Written by Paul on October 11th, 2008

A BusinessWeek article points out that tech that doesn’t work won’t let us work. Well said.

Working 90% to 95% of the time is not working. When my company’s services fail to deliver, we don’t get paid—and our customers get angry. When a technology product doesn’t do what it’s supposed to do all the time, we’re stuck. Unfortunately, the technology my company buys fails way too much. But like everything else that makes me angry, I just deal with it. And so can you.

Something you should know:

  1. Technology sucks. Once you begin to depend on it, you’re confined by it’s inherent limitations.
  2. It won’t make you successful.
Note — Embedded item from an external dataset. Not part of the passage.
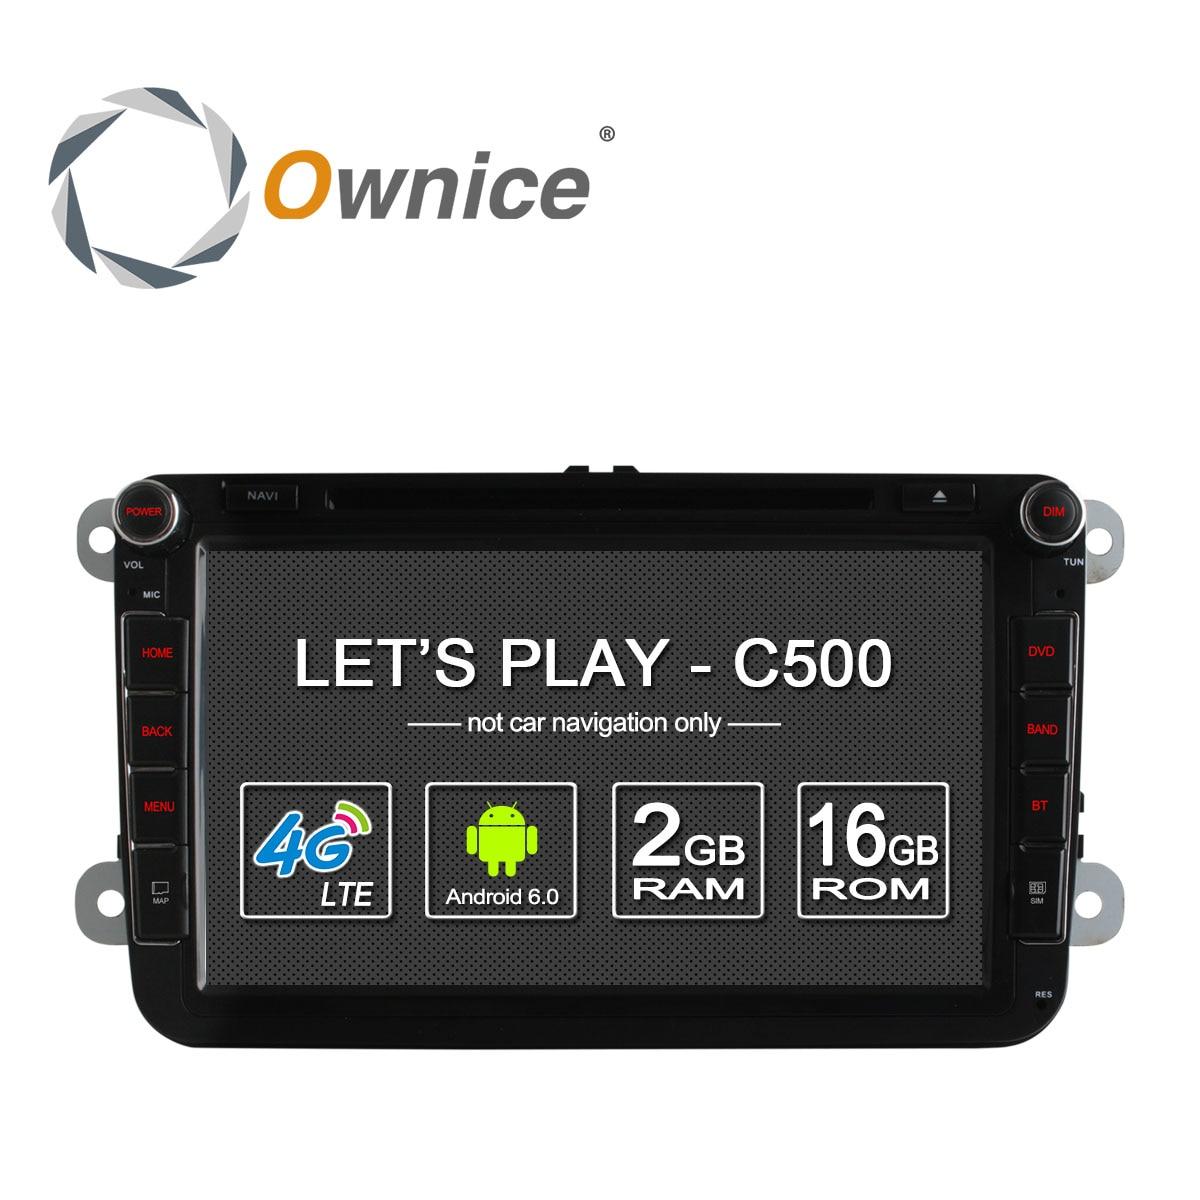 4G SIM LTE Nerwork Ownice C500 1024*600 Android 6.0 2G RAM 2 Din Car DVD GPS Navi Radio Player For VW Skoda Octavia 2 joyous 8 hd capacitive android 4 2 stereo car dvd player w gps navi for vw passat seat skoda
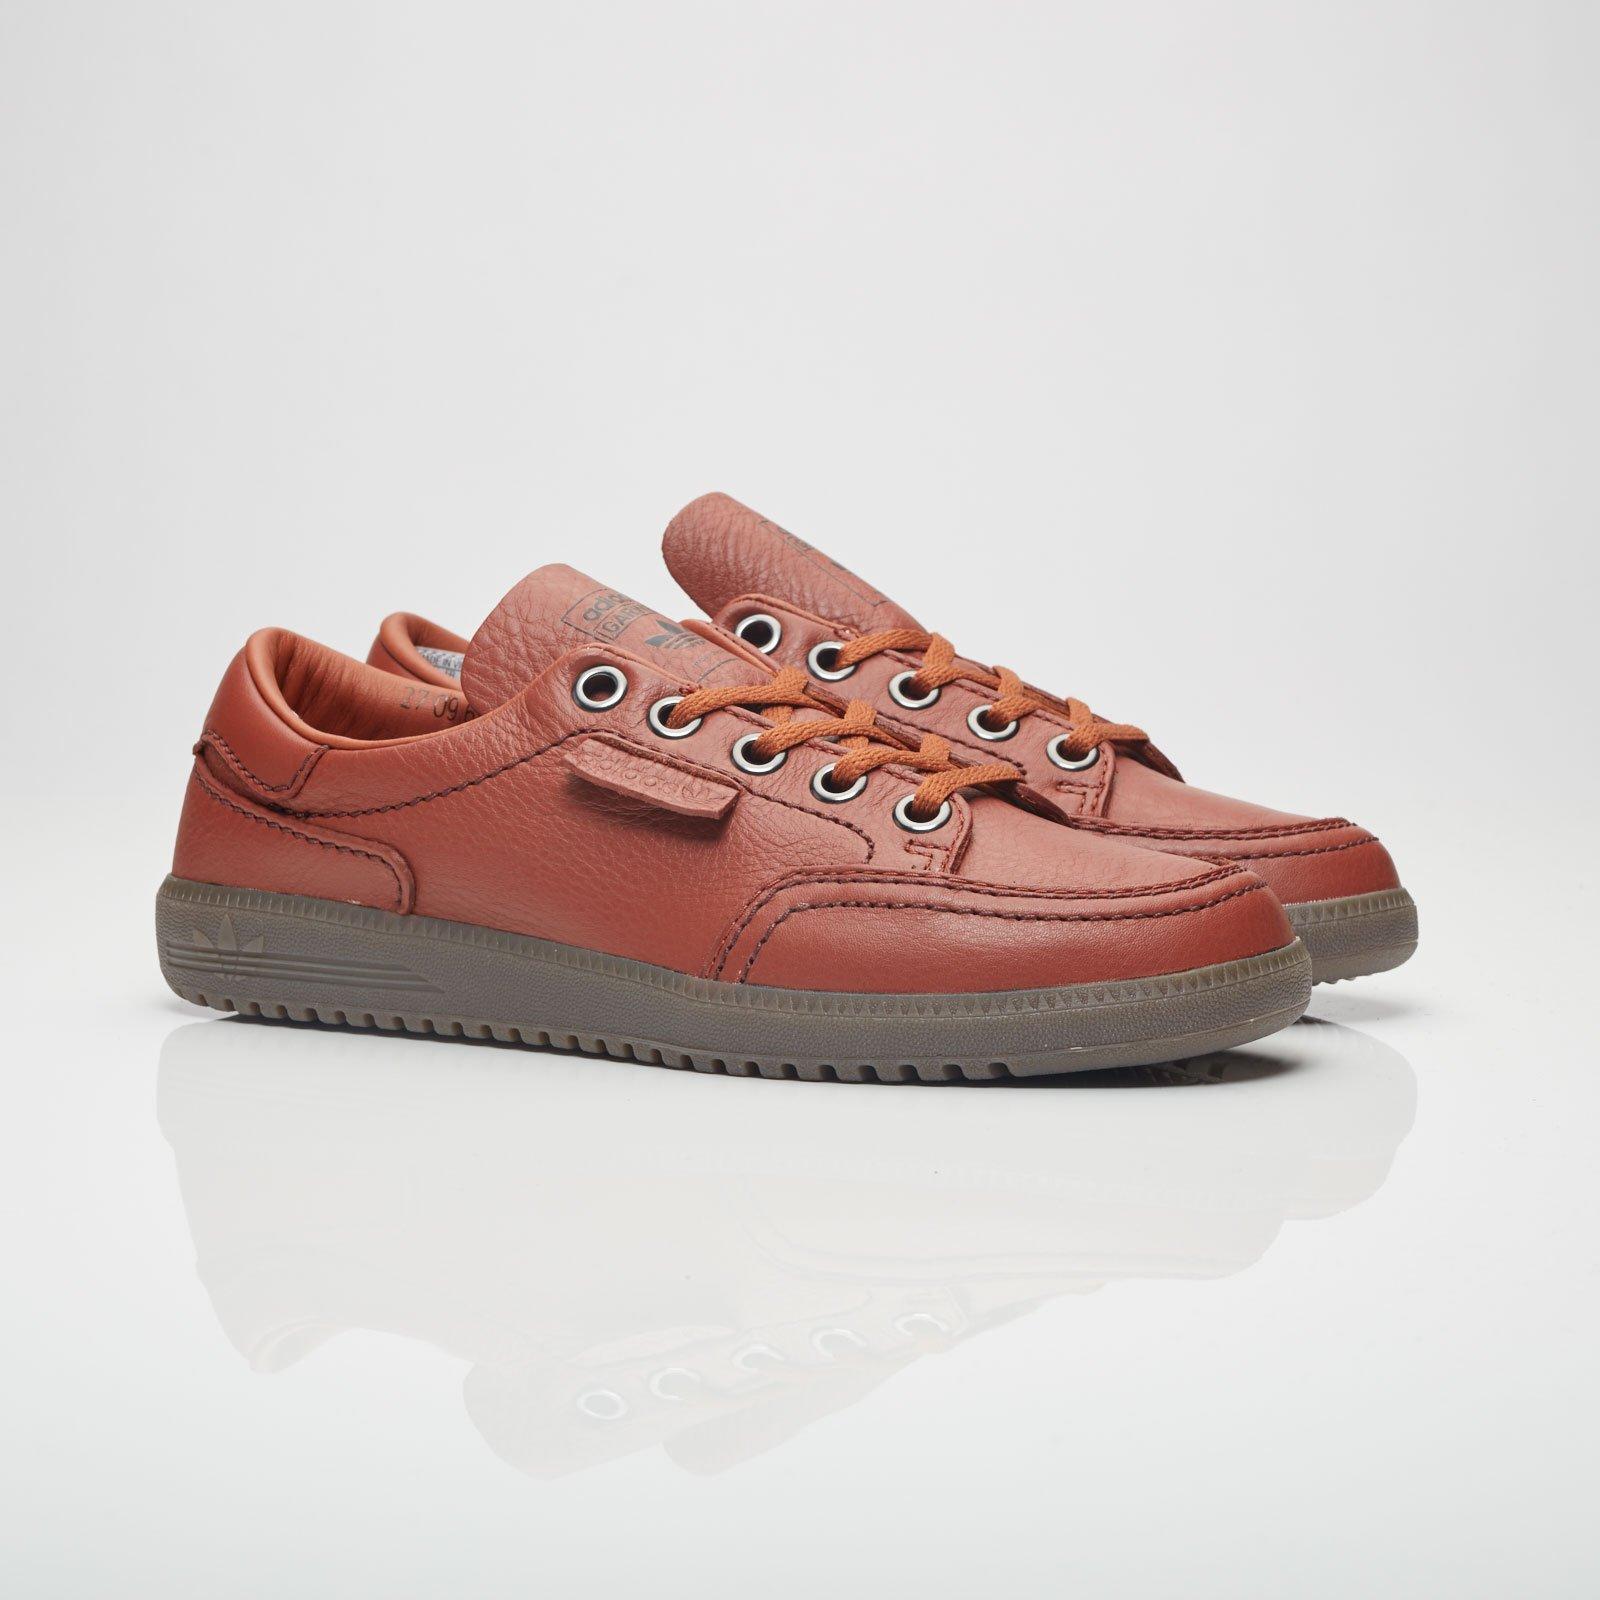 free shipping db08e cf8a3 adidas Garwen - Ba7723 - Sneakersnstuff | sneakers ...

That is, not unless you completely understand how it will help your business.

What Great Businesses Do

Have you noticed that so many successful companies are “behind” on tech’s latest trends? It’s because successful businesses relentlessly focus on creating incredible value for the world. They know that once you begin worshipping technology, you switch focus from providing value and then continue going downhill from there.

The Key: Exploit tech only when you know precisely how it can help accelerate your ability to get ahead.

“So, how do you exploit technology?”

Two steps:

  1. First, embrace low-tech. Spreadsheets can single-handedly kick the asses of pretty much any of the latest gadgets out there.
  2. Then, grow outward stubbornly. Improve your systems as you go. You will know you’ve outgrown your current systems when you understand precisely how to increase your efficiency.

And dont forget: Since the beginning of time (and up until a few years ago), most businesses didn’t need completely custom technology solutions. They used paper, spreadsheets, whiteboards… you get the idea.

One Response to “When Being Behind The Curve Can Be Smart”

  • Diana D. Jarvis

    Part of the trouble is that companies buy tech they don’t understand how to use in the first place. Then they act surprised when they finally figure out the gadget wasn’t designed to do what they wanted. Or they buy software for a department, but they don’t bother to even check with that department first to find out what’s actually needed.